Could you repeat the data word for word while skipping the pictures?

▶ **SOURCE MATERIAL**:
+--
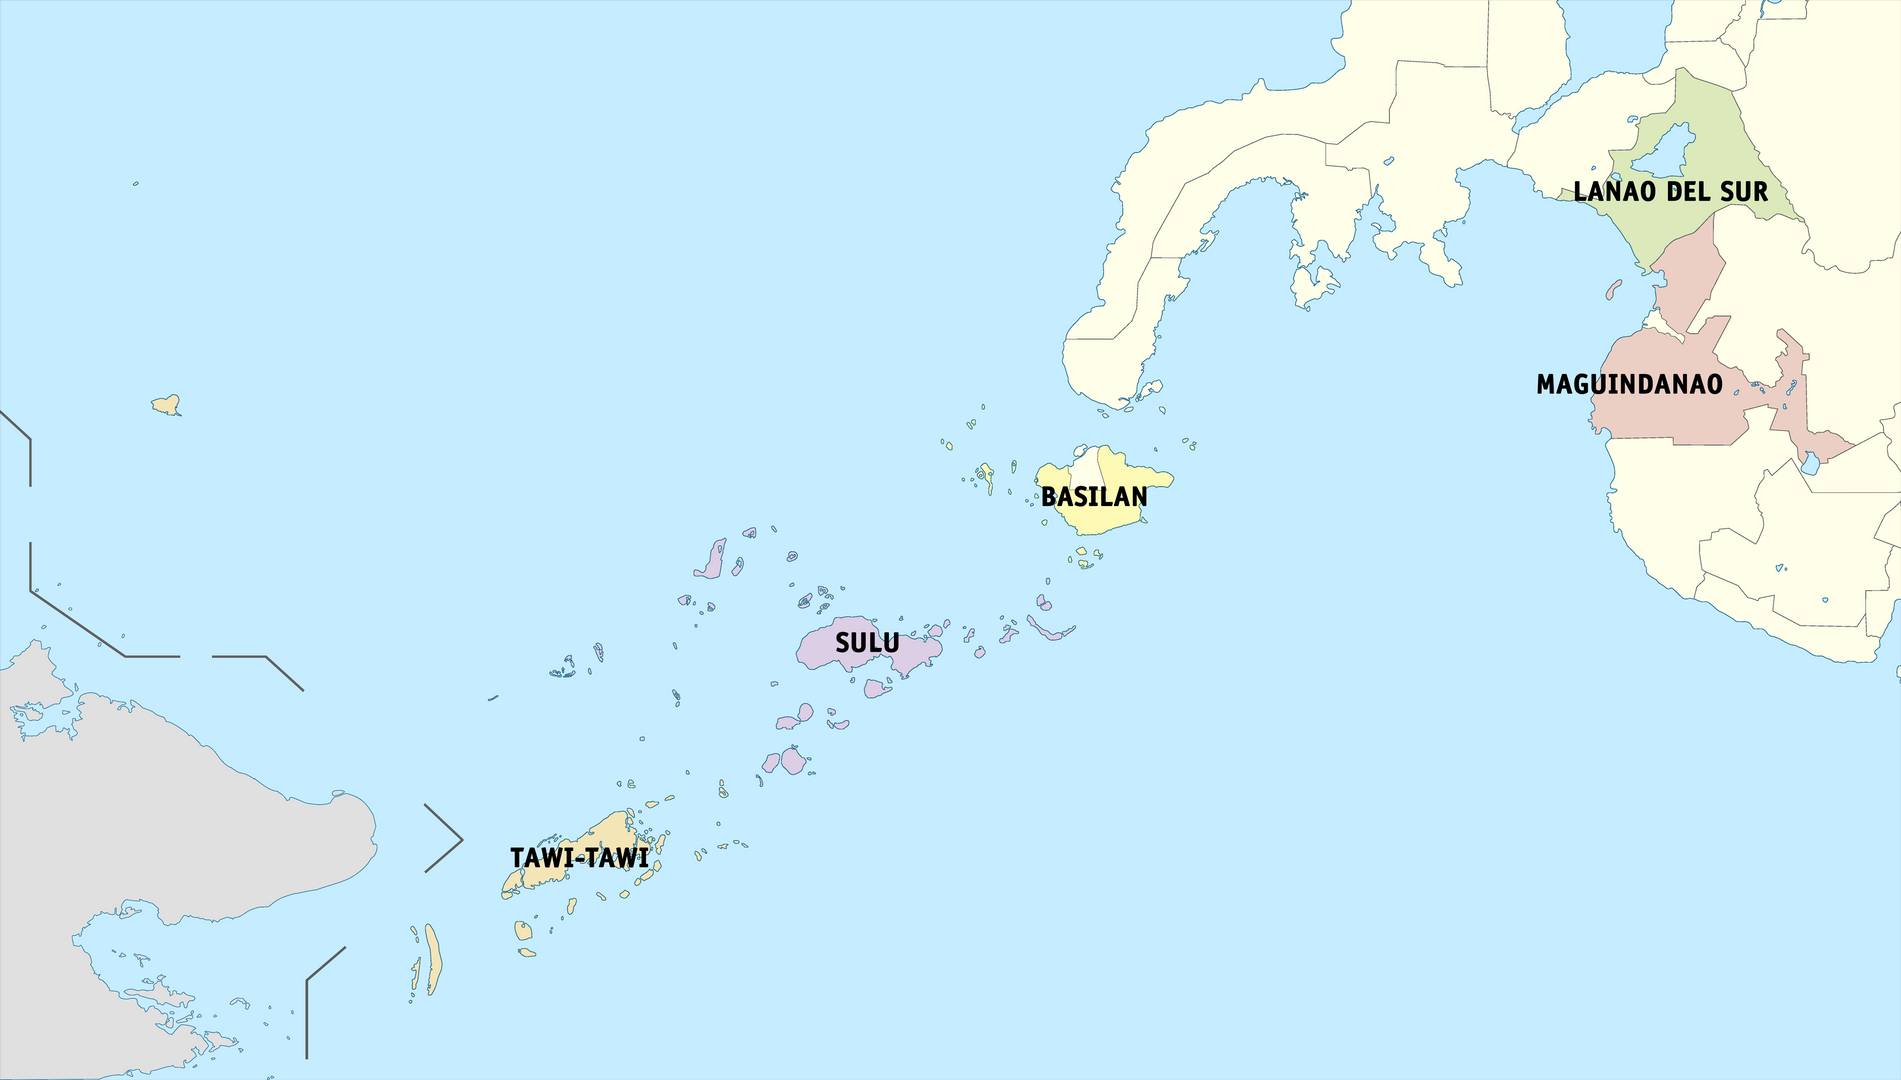 Провинции Автономного региона в Мусульманском Минданао (Бангсаморо)
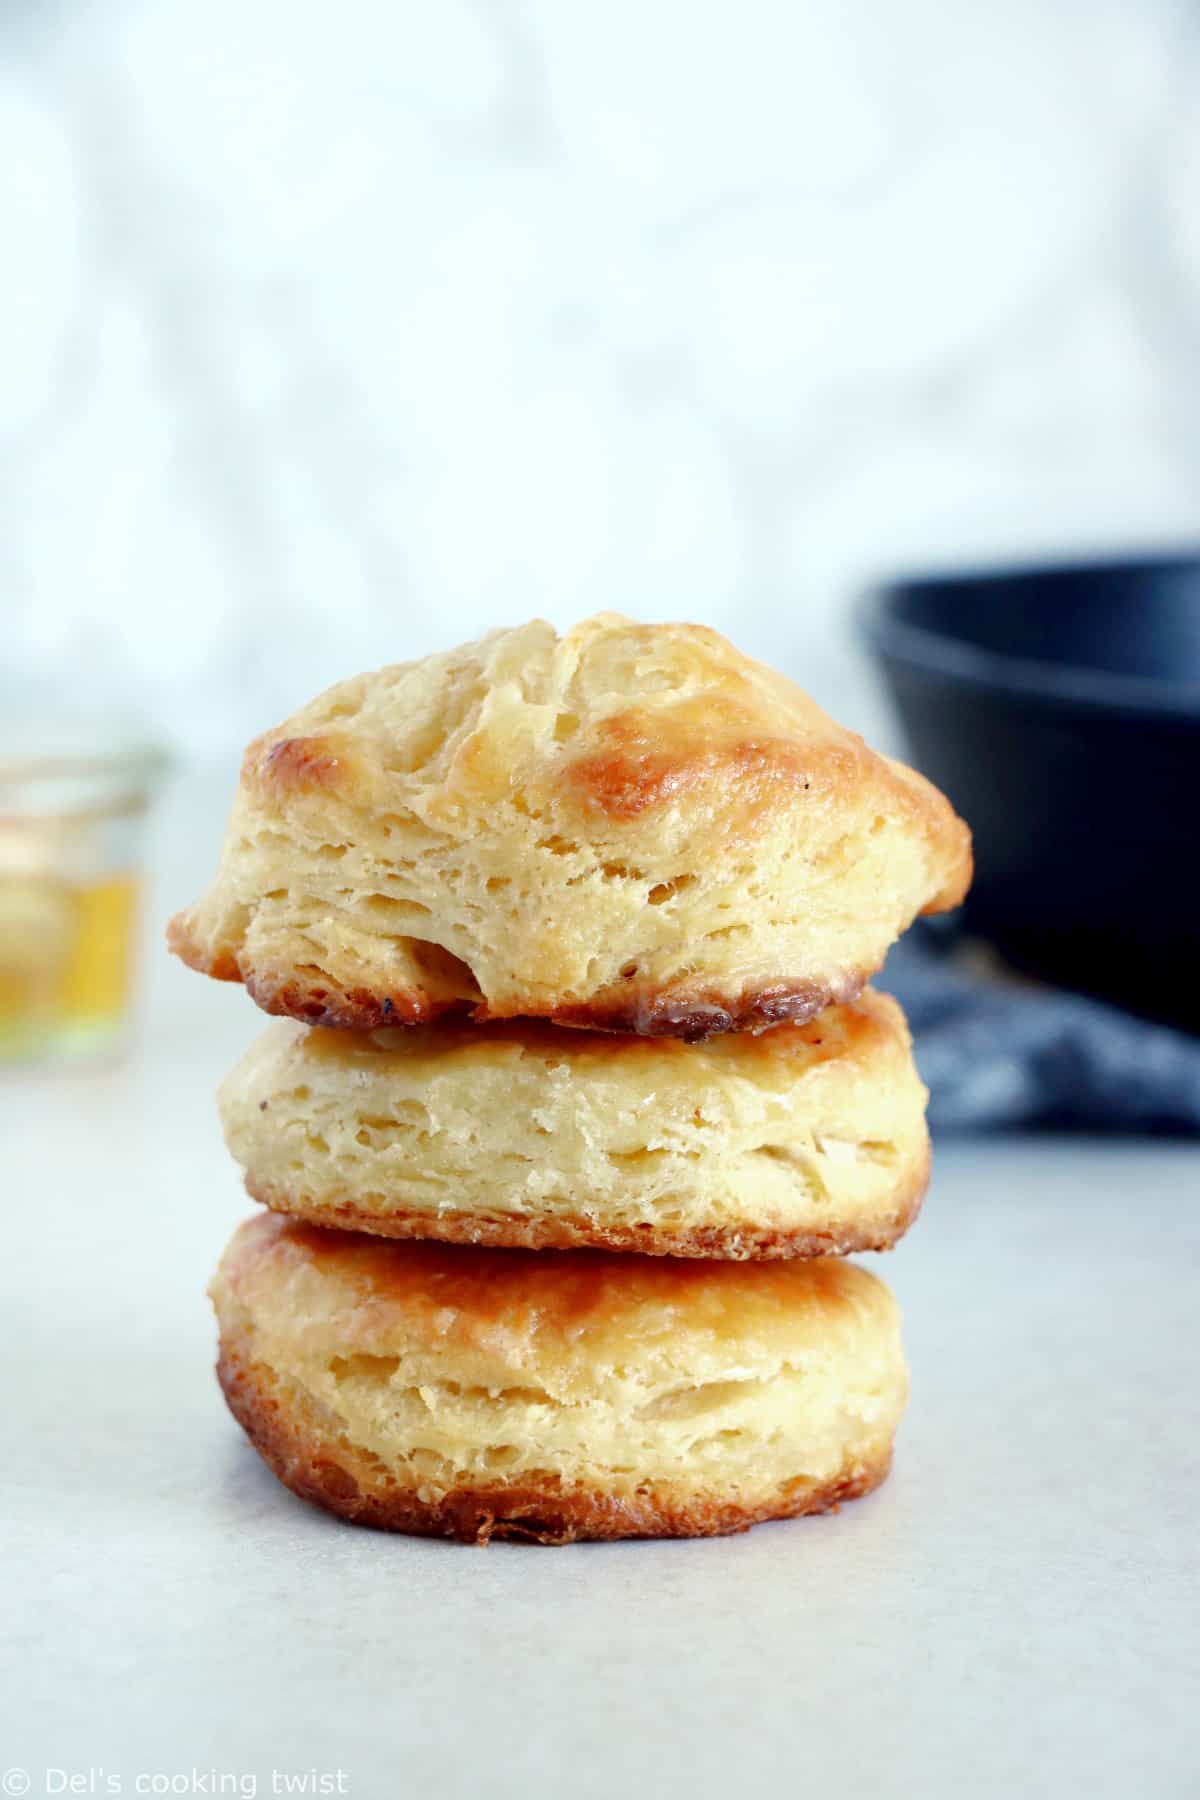 Biscuits sablés à congeler - 5 ingredients 15 minutes
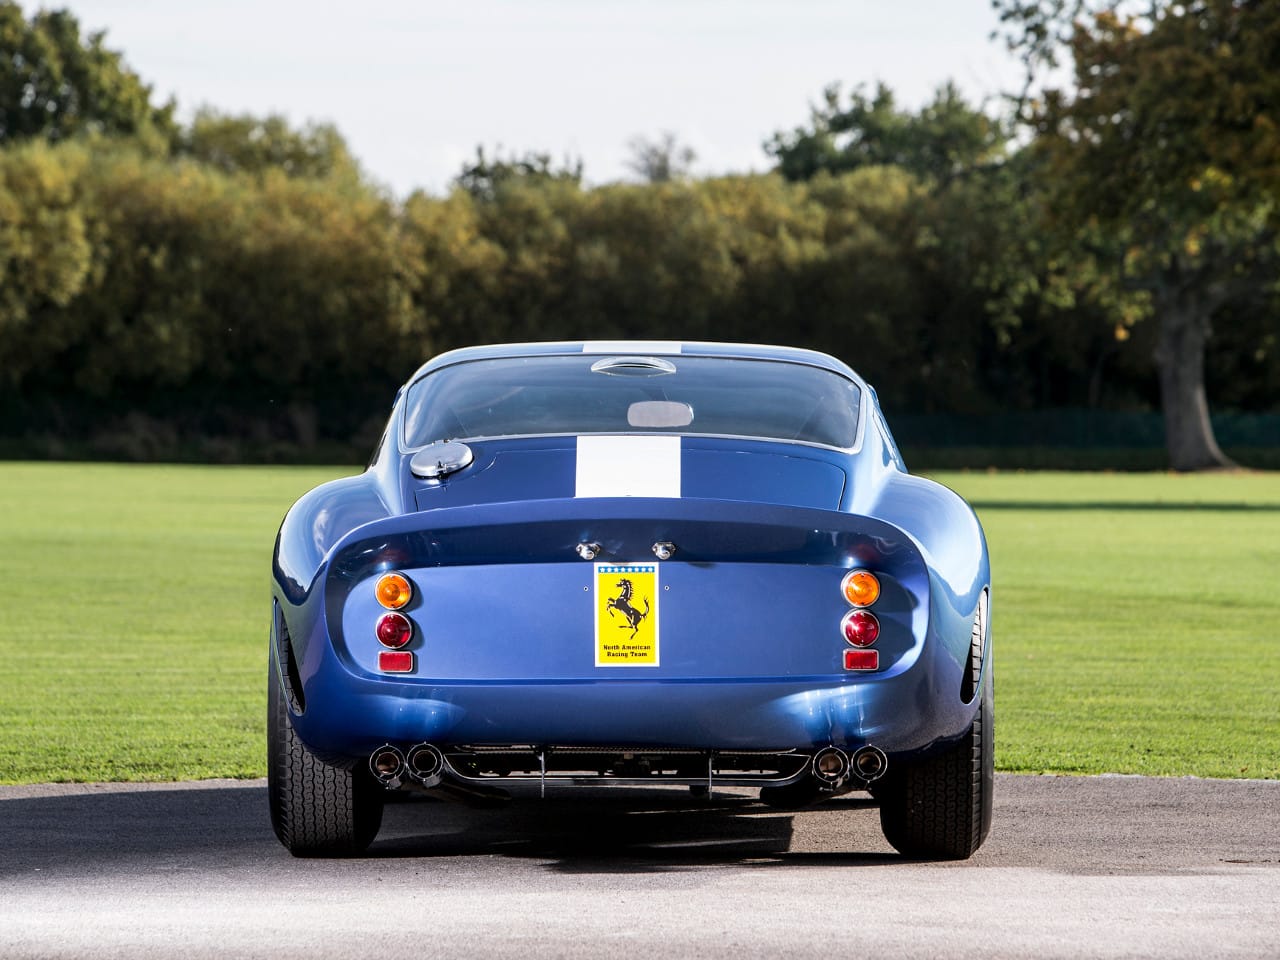 Der Bolide mit der Chassis-Nummer 3387 ist der zweite gebaute Ferrari dieser legendären Baureihe, wie der Anbieter schreibt.
+--
▶ **ANSWER TO THIS EXERCISE**:
 Провинции Автономного региона в Мусульманском Минданао (Бангсаморо)
 Biscuits sablés à congeler - 5 ingredients 15 minutes
 Der Bolide mit der Chassis-Nummer 3387 ist der zweite gebaute Ferrari dieser legendären Baureihe, wie der Anbieter schreibt.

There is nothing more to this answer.